┏━━
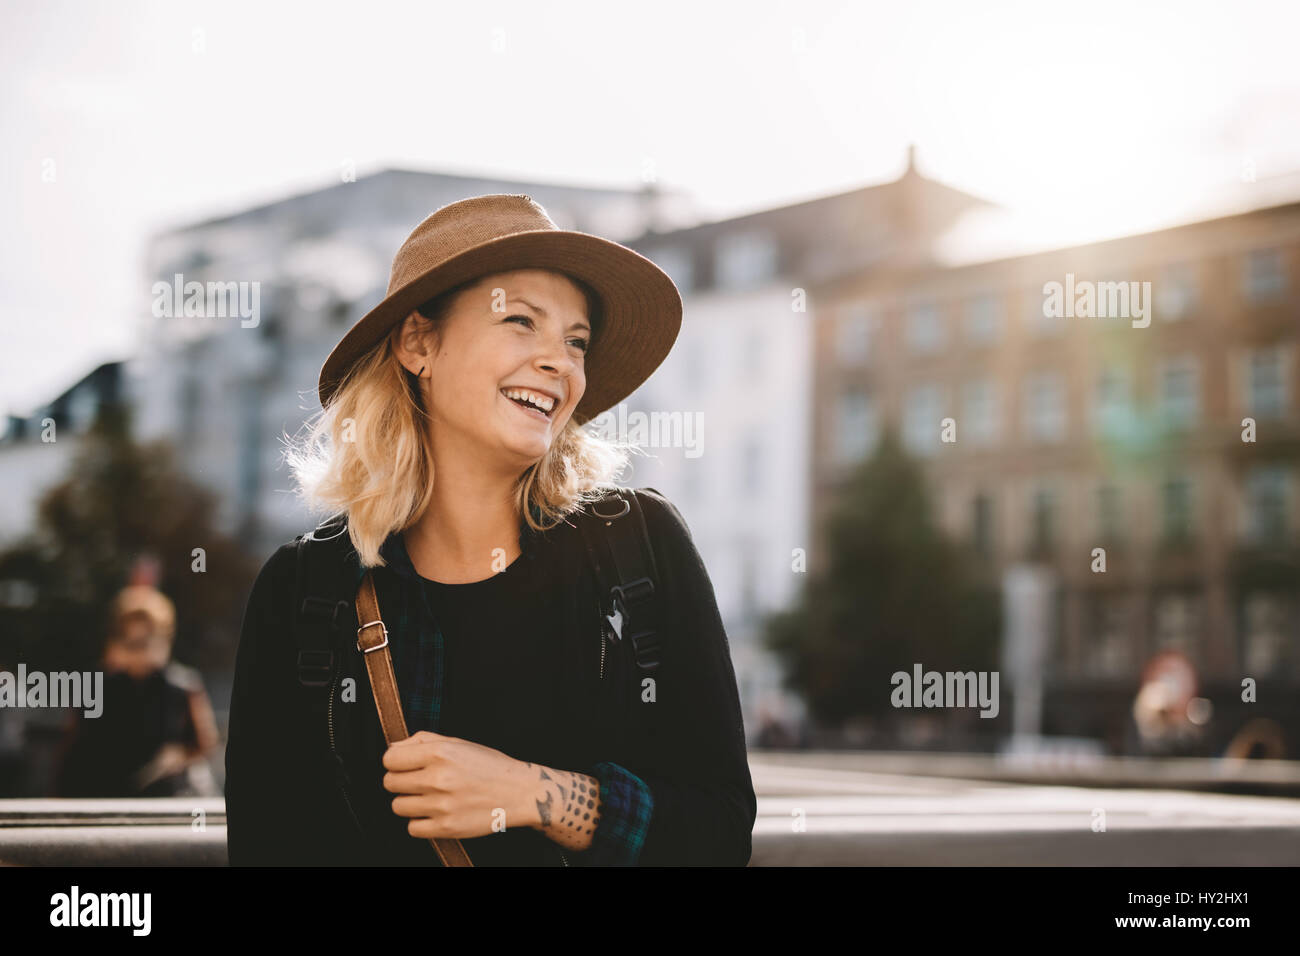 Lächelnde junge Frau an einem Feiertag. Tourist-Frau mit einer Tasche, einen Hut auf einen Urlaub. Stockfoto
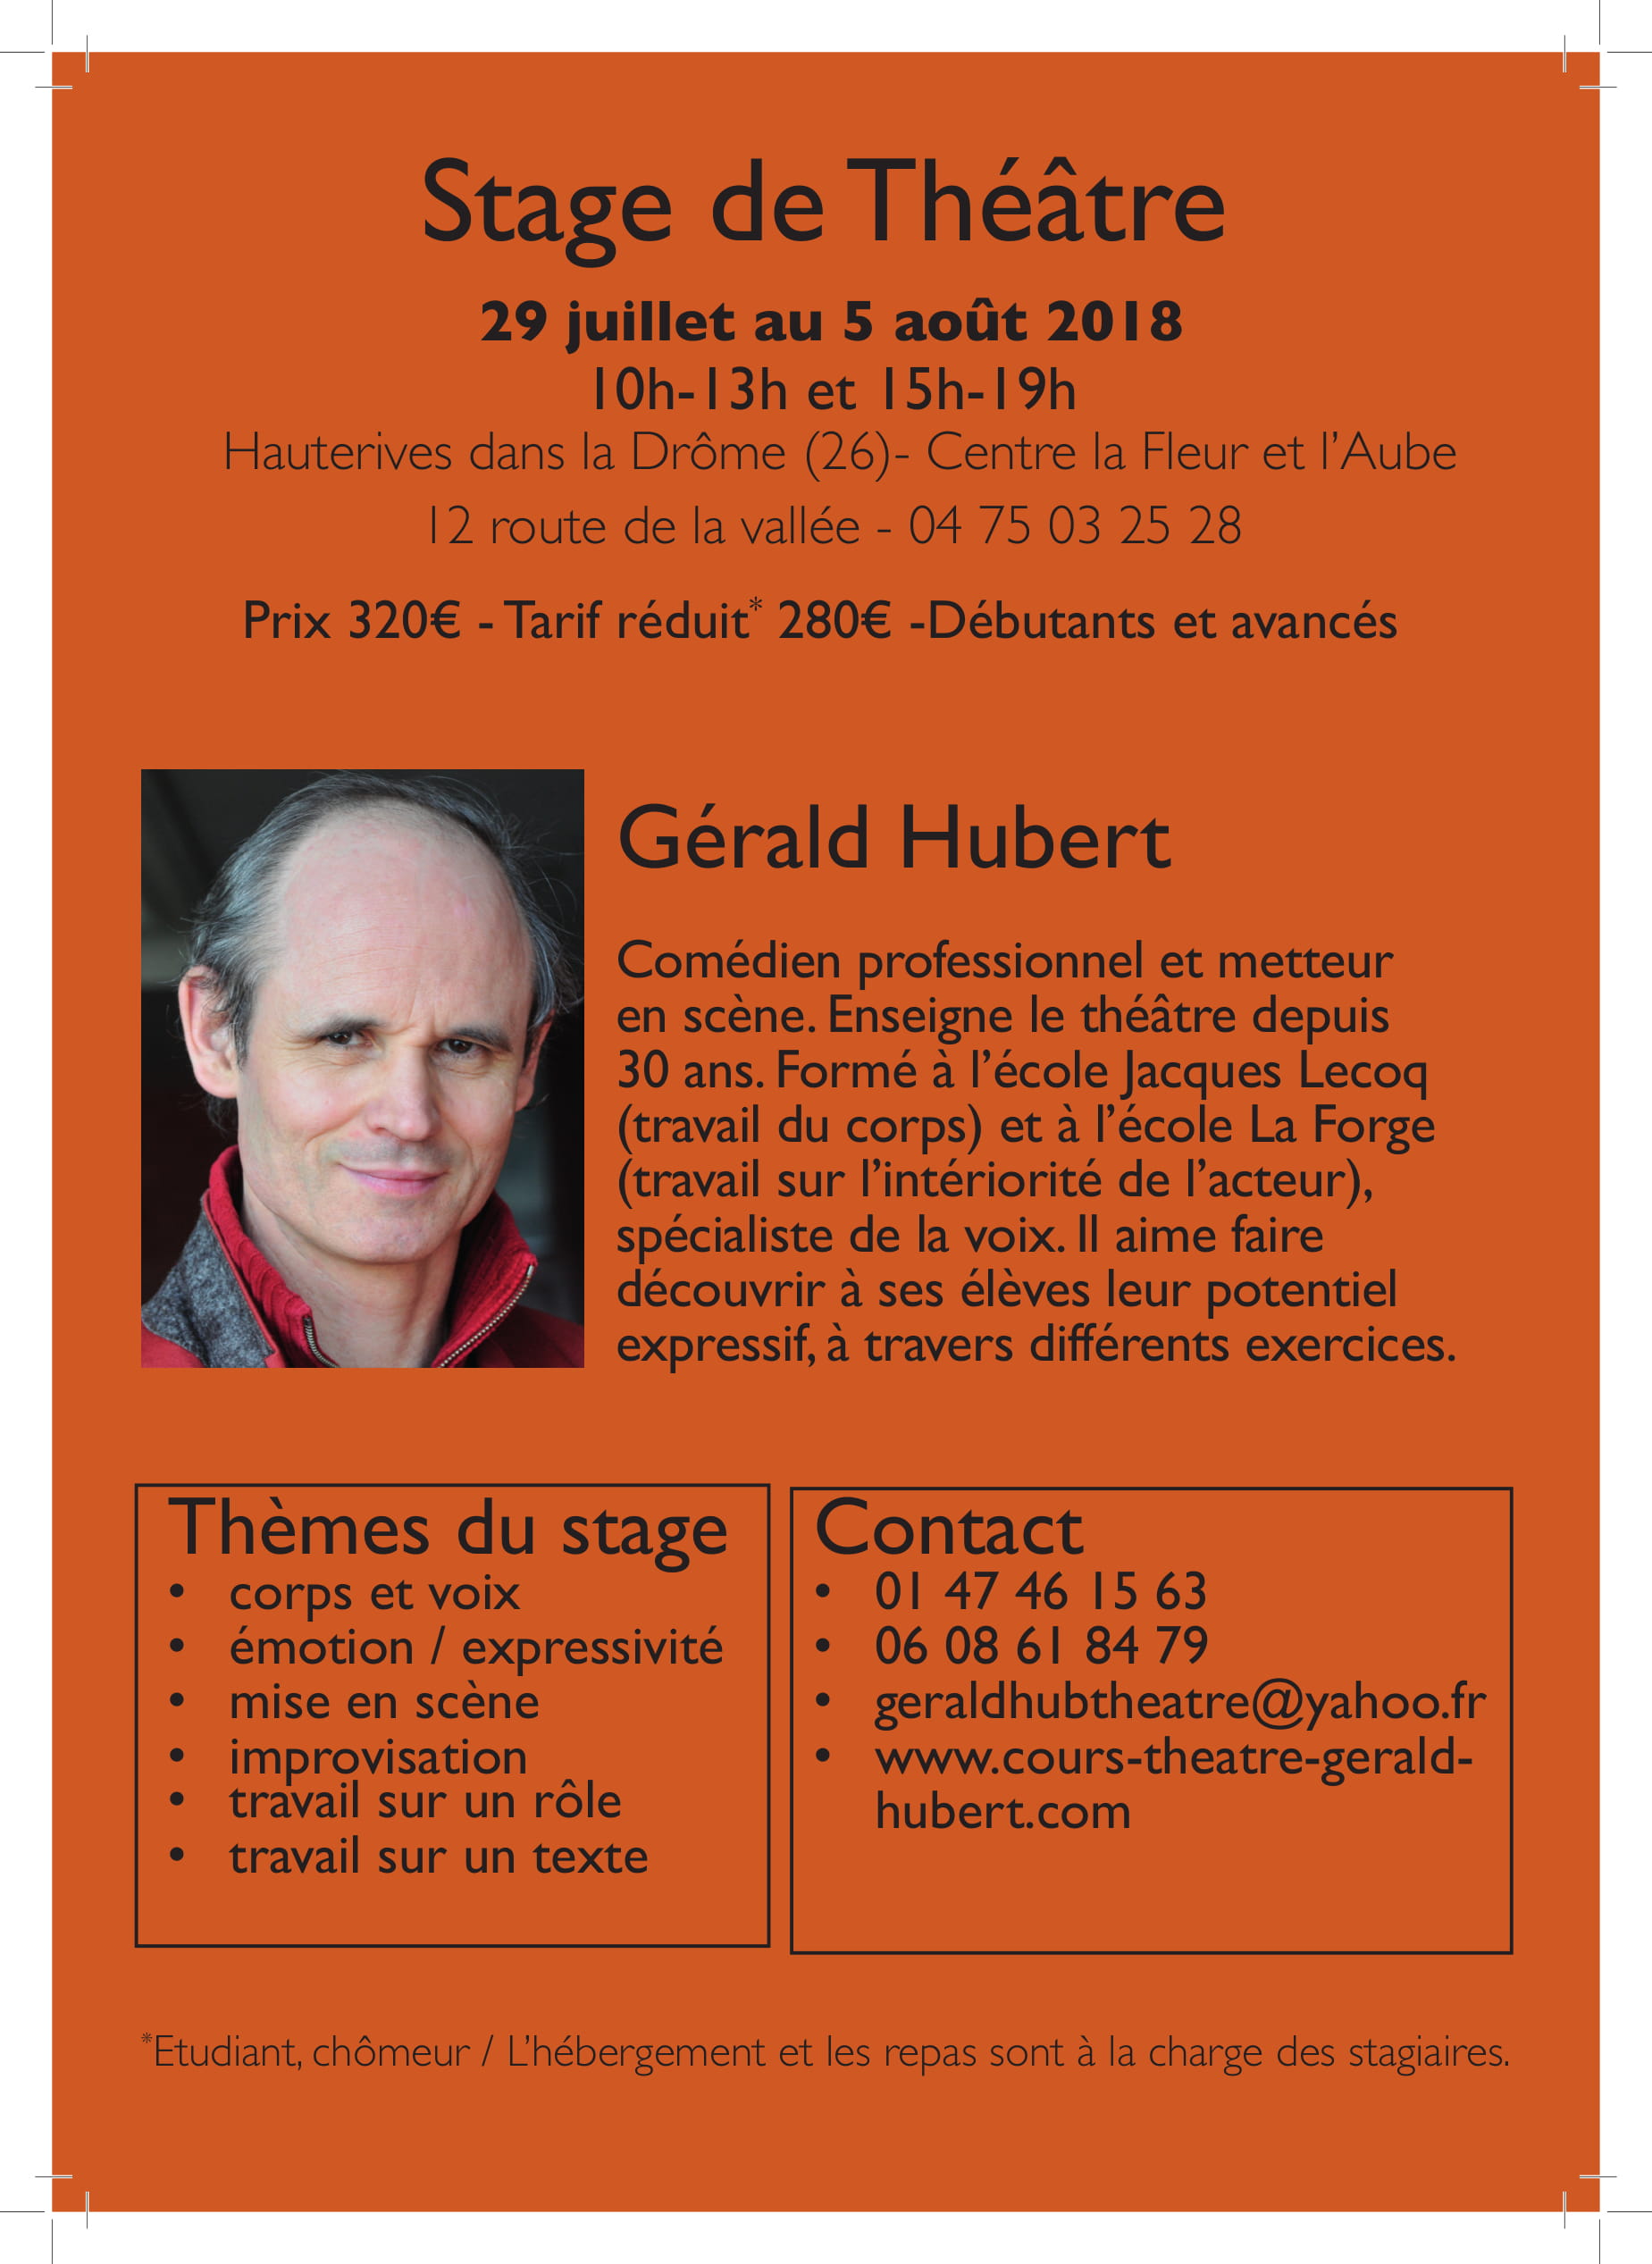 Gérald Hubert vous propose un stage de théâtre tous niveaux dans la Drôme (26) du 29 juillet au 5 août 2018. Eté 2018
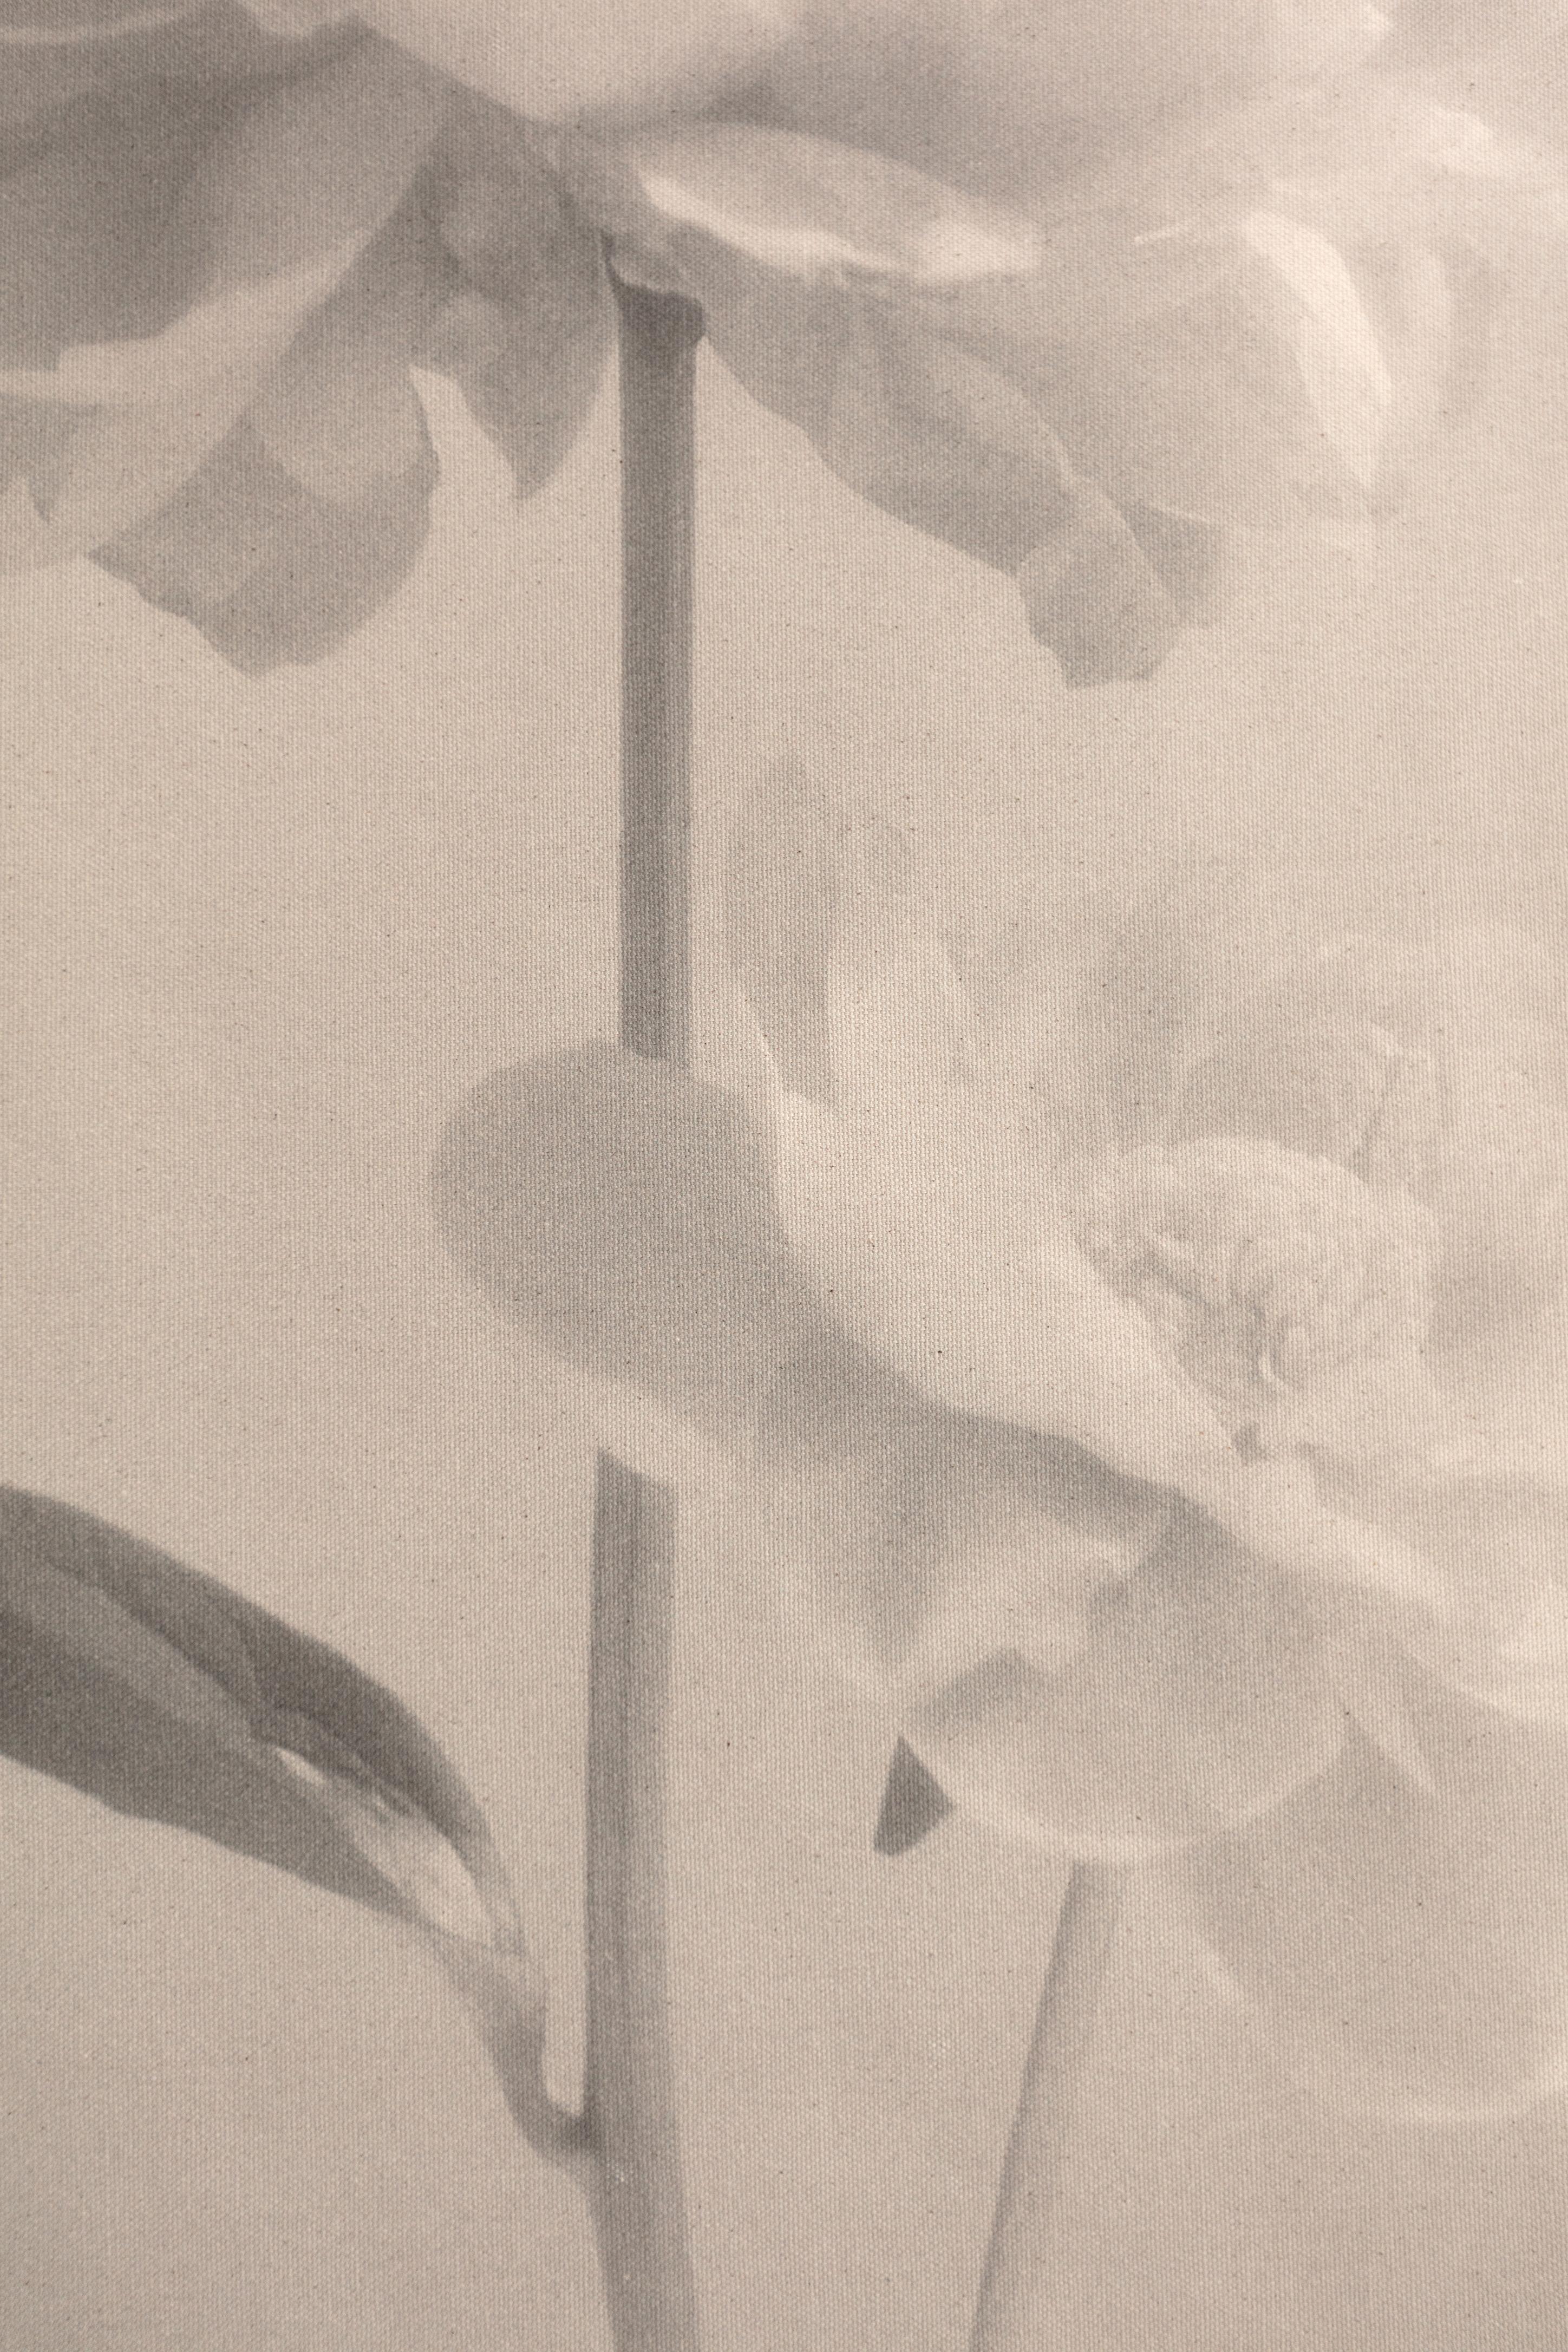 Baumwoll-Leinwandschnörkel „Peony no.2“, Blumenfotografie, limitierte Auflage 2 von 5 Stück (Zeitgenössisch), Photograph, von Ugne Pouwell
┗━━
● Exercise objective:
Every line above should be copied exactly, apart from any pictures.

● Exercise answer:
 Lächelnde junge Frau an einem Feiertag. Tourist-Frau mit einer Tasche, einen Hut auf einen Urlaub. Stockfoto
 Gérald Hubert vous propose un stage de théâtre tous niveaux dans la Drôme (26) du 29 juillet au 5 août 2018. Eté 2018
 Baumwoll-Leinwandschnörkel „Peony no.2“, Blumenfotografie, limitierte Auflage 2 von 5 Stück (Zeitgenössisch), Photograph, von Ugne Pouwell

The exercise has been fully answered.